In my column at The Week, I predicted that the budget fight will show whether Republicans decide to fight for their federalist vision, given Trump’s clear inclination in that direction:
Trump’s steep cuts have begun to open up fault lines on Capitol Hill, not just between moderates and conservatives but also between the House and Senate Republican caucuses. Representatives with federal operations in their districts have already begun to point out that some of the targeted programs provide employment and services for their own constituents. One aide called the proposal a “slash and burn” document, and told Reuters that the House caucus worries that they will be forced to back big reductions, only to have their feet cut out from under them by a far more moderate Senate proposal.
Those worries are not unsubstantiated, either. In the upper chamber, cuts to the State Department have already generated opposition among Republicans, including the man Trump most needs to seal the deal, Majority Leader Mitch McConnell. Even if Senate Republicans had more enthusiasm for the sharp spending cuts, they only have a slim majority. Democrats can use the filibuster on appropriations bills, which means that Republicans will have to compromise on spending levels enough to attract at least eight senators from across the aisle.
That may lead to a very unpleasant rift between the White House and Capitol Hill — or perhaps some satisfaction with incremental reductions in the budget process for the short run. Trump’s Cabinet officials can gradually roll back staffing levels through attrition while congressional Republicans mull just how far they can go on cutbacks, and offer more reversals of regulatory growth in the previous administration through the Congressional Review Act.
The Trump budget could just be a “big ask,” a technique in dealmaking that sets the parameters high enough for a stakeholder to maximize his potential successes.

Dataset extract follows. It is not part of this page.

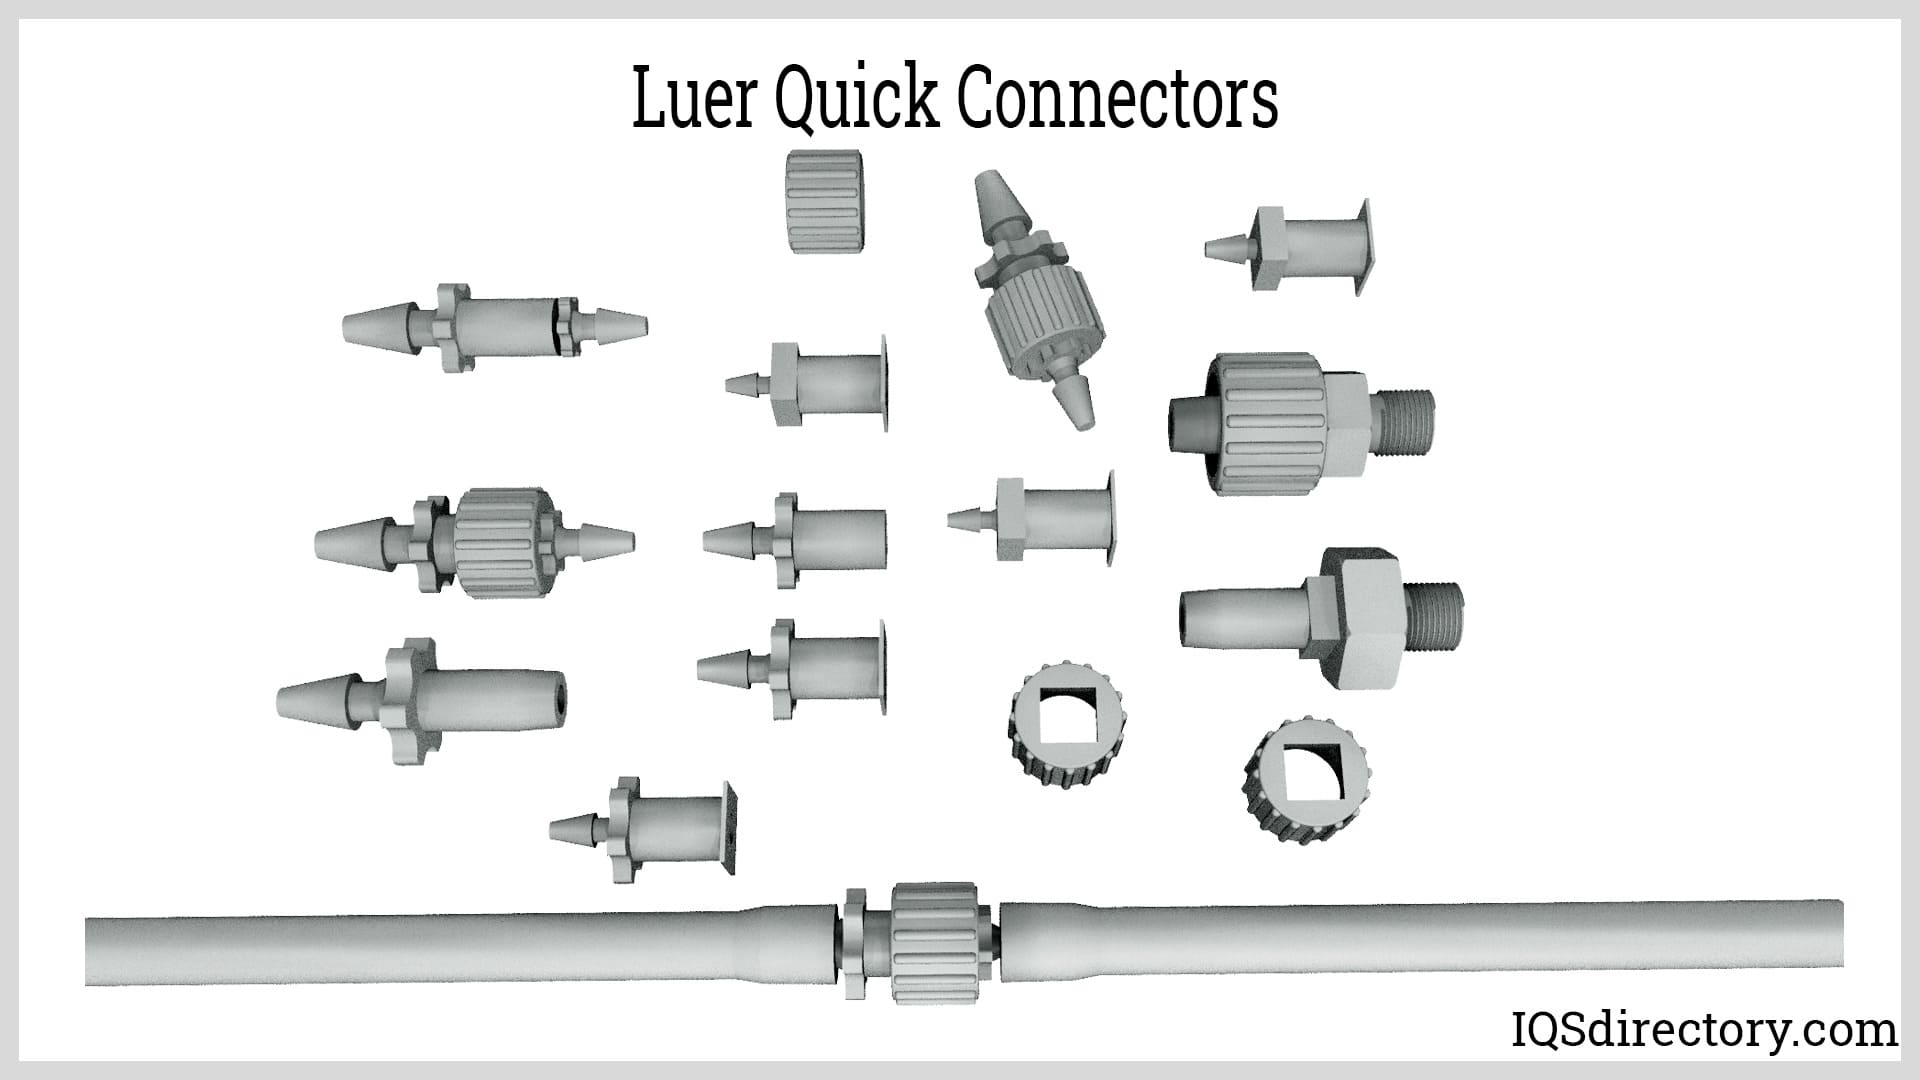 Luer Quick Connectors
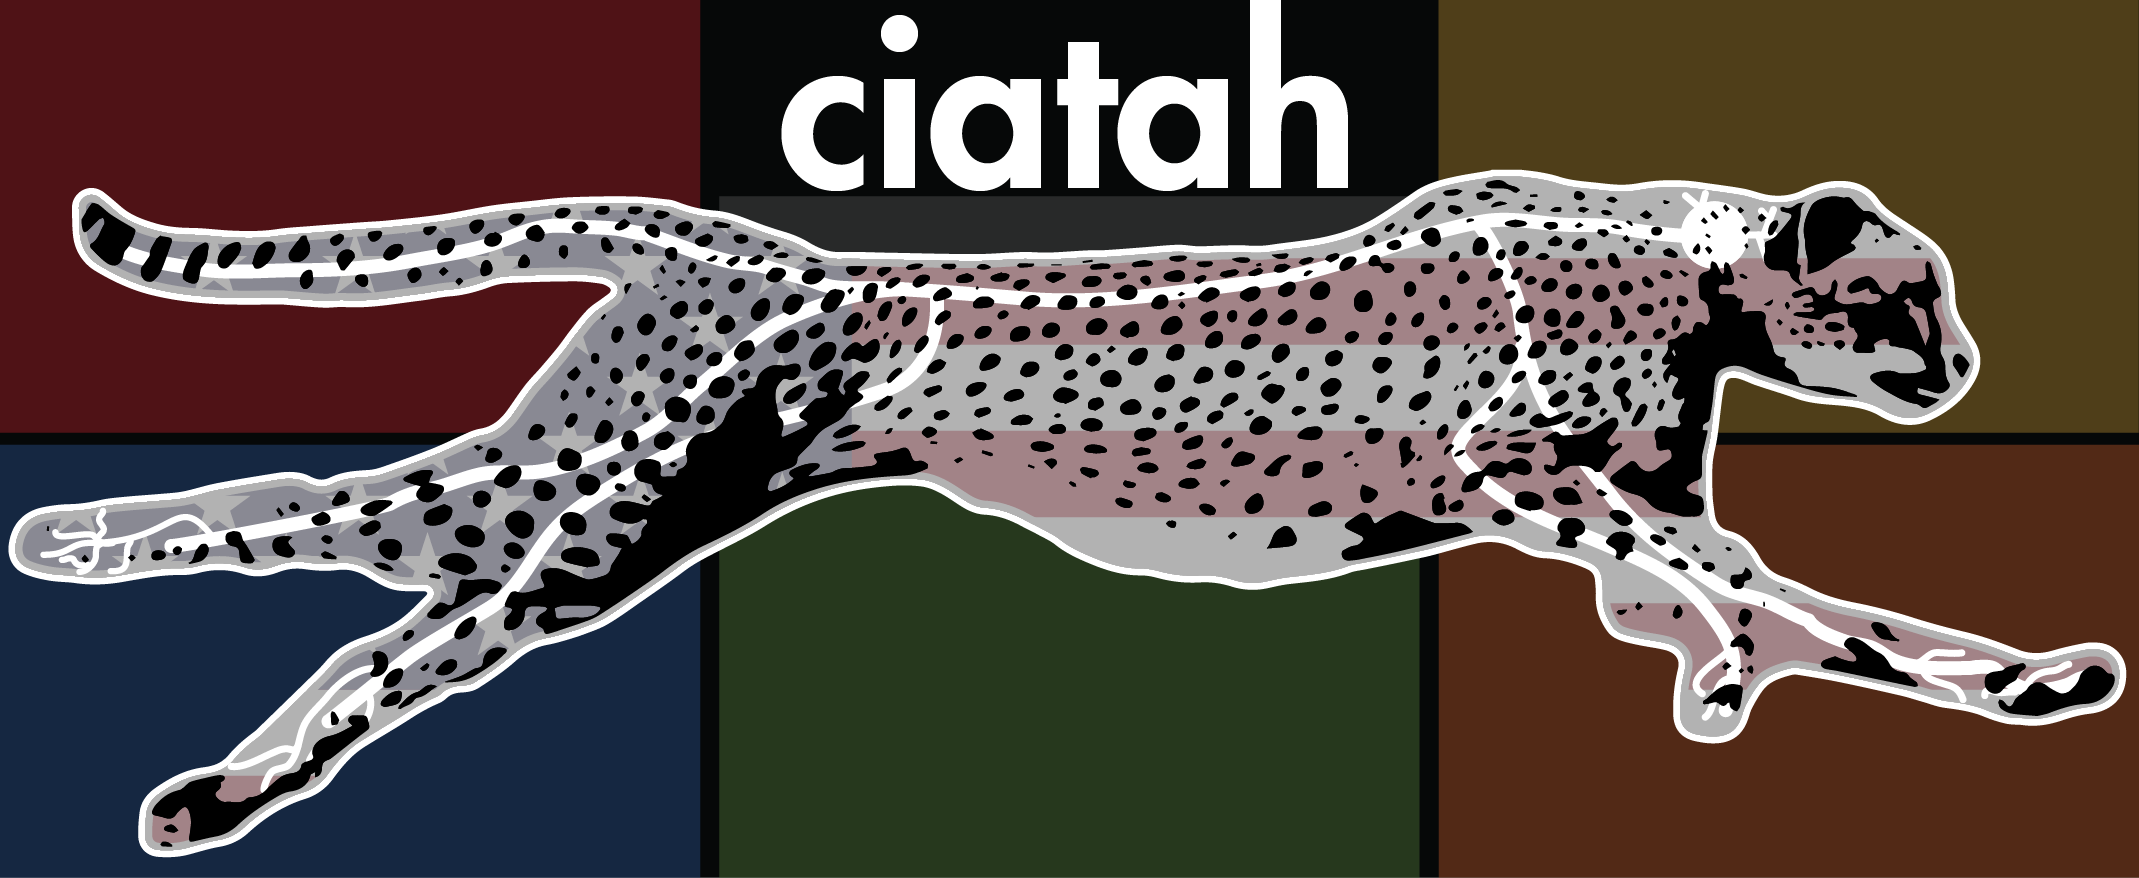 ../_images/ciatah_logo.png

It’s almost certainly an acknowledgment that a generation or more of promises to start making real cuts in the establishment’s authority and power have to finally be honored, too. If Republicans can’t implement those promises over the next two years with single-party governance in Washington, they may not have it for much longer than that.
I’d bet on incrementalism as the response. The cuts to public broadcasting, EPA, and the NEA will almost certainly stick, but don’t expect to see the widespread cutbacks across all departments in the Congressional budget at the end.